The Washington Post.
The greatest triumph is the way all this material, though it's focused on the peculiarities of Mormonism -- devout and heretical, ancient and modern -- illuminates the larger landscape of faith.

New York Times - Janet Maslin
There is a man who explains how he managed to have three wedding nights in three weeks. There are women casting light on what justified and reinforced their faith in all-powerful male prophets. But this creates an exhausting cacophony. Mr. Ebershoff clearly had the doggedness to invent many voices. What he didn’t have — or want, given the book’s deliberate epistolary nature — was a whole greater than the sum of its parts.

San Francisco Chronicle - Dan Cryer
The attack on polygamy by a Mormon apostate, Ann Eliza, is instrumental, when the church finally renounces it in 1890, in preserving it from the nation's wrath. The novel's gay men are straight arrows, committed to responsible relationships, while its heterosexual men are savage creatures of lust.
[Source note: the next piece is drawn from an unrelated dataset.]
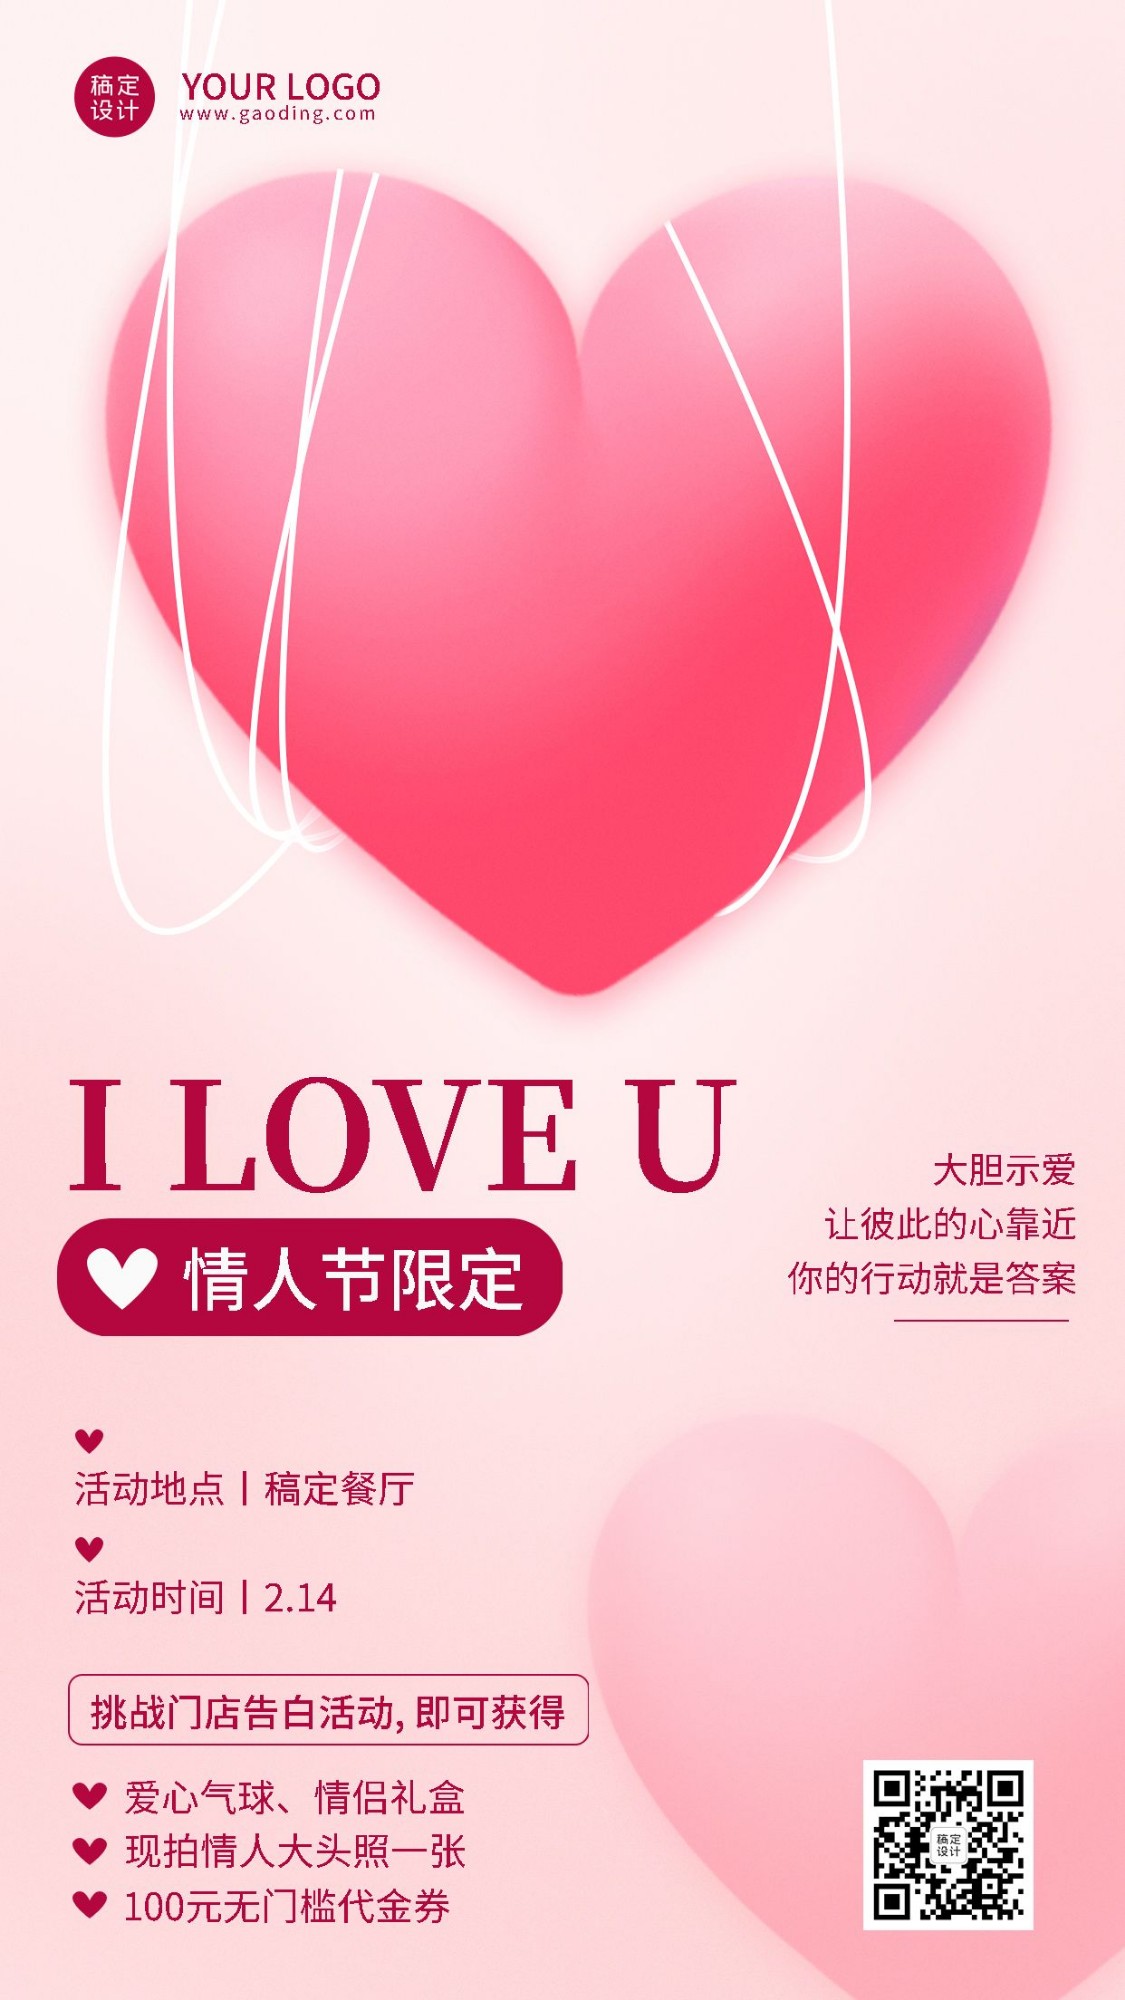 情人节节日活动手机海报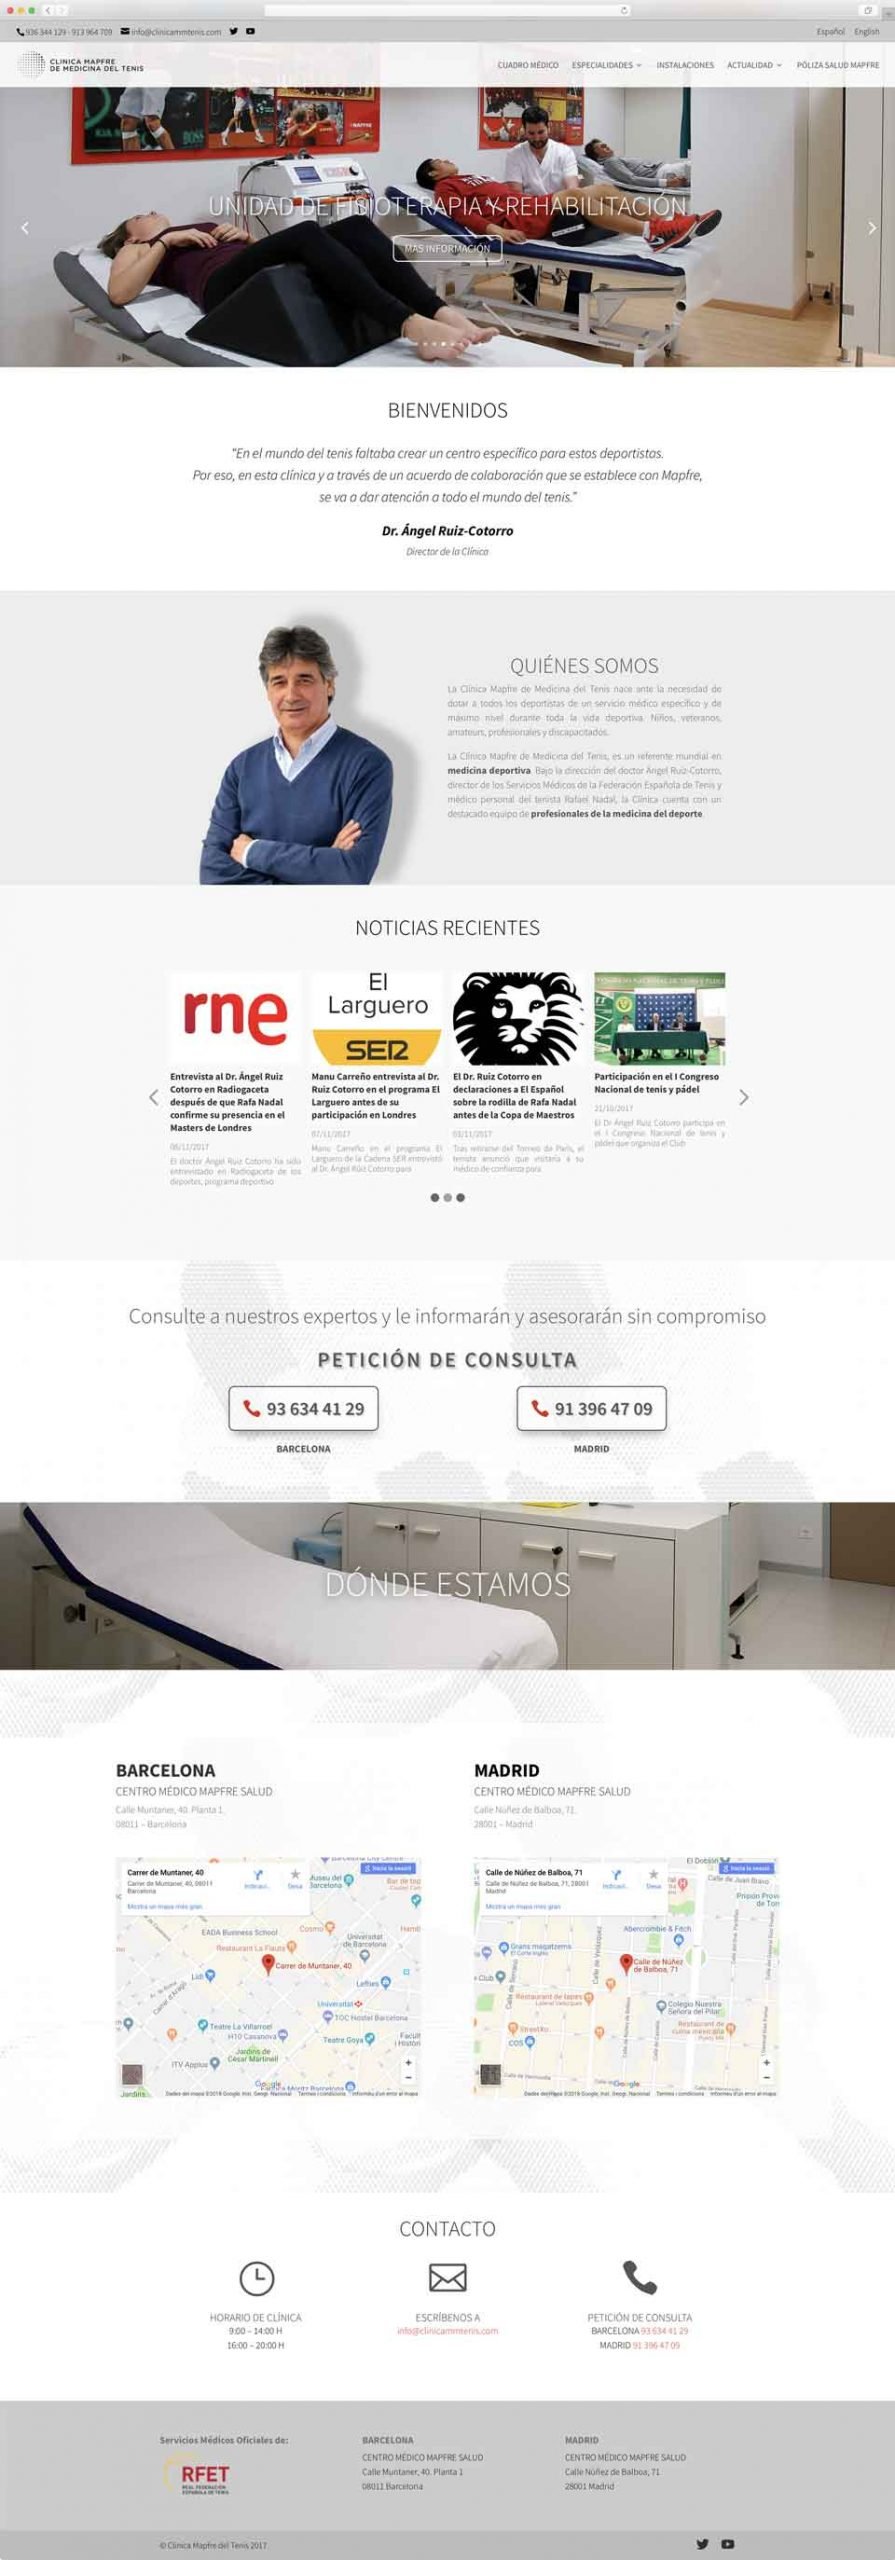 Muestra 1 de diseño web del proyecto Clínica Mapfre de Medicina del Tenis, realizado por Byte Imatge y Just the web

Religion and sex paired, it seems, equals passion squared.

The Seattle Times - Richard Wallace
Regrettably, Jordon's contemporary story offers little of the spiritual complexity of Ann Eliza's saga. As a mystery it is totally without suspense, and the characters, other than Jordon (who has a healthy sense of the absurd), are not well-developed or compelling. Sometimes, one good story is all you need.

Publishers Weekly
[E]ssential reading for anyone seeking understanding of the subject.

Kirkus Reviews
Reminiscent of Wallace Stegner's Angle of Repose in scope and ambition, though the narrative sometimes drags.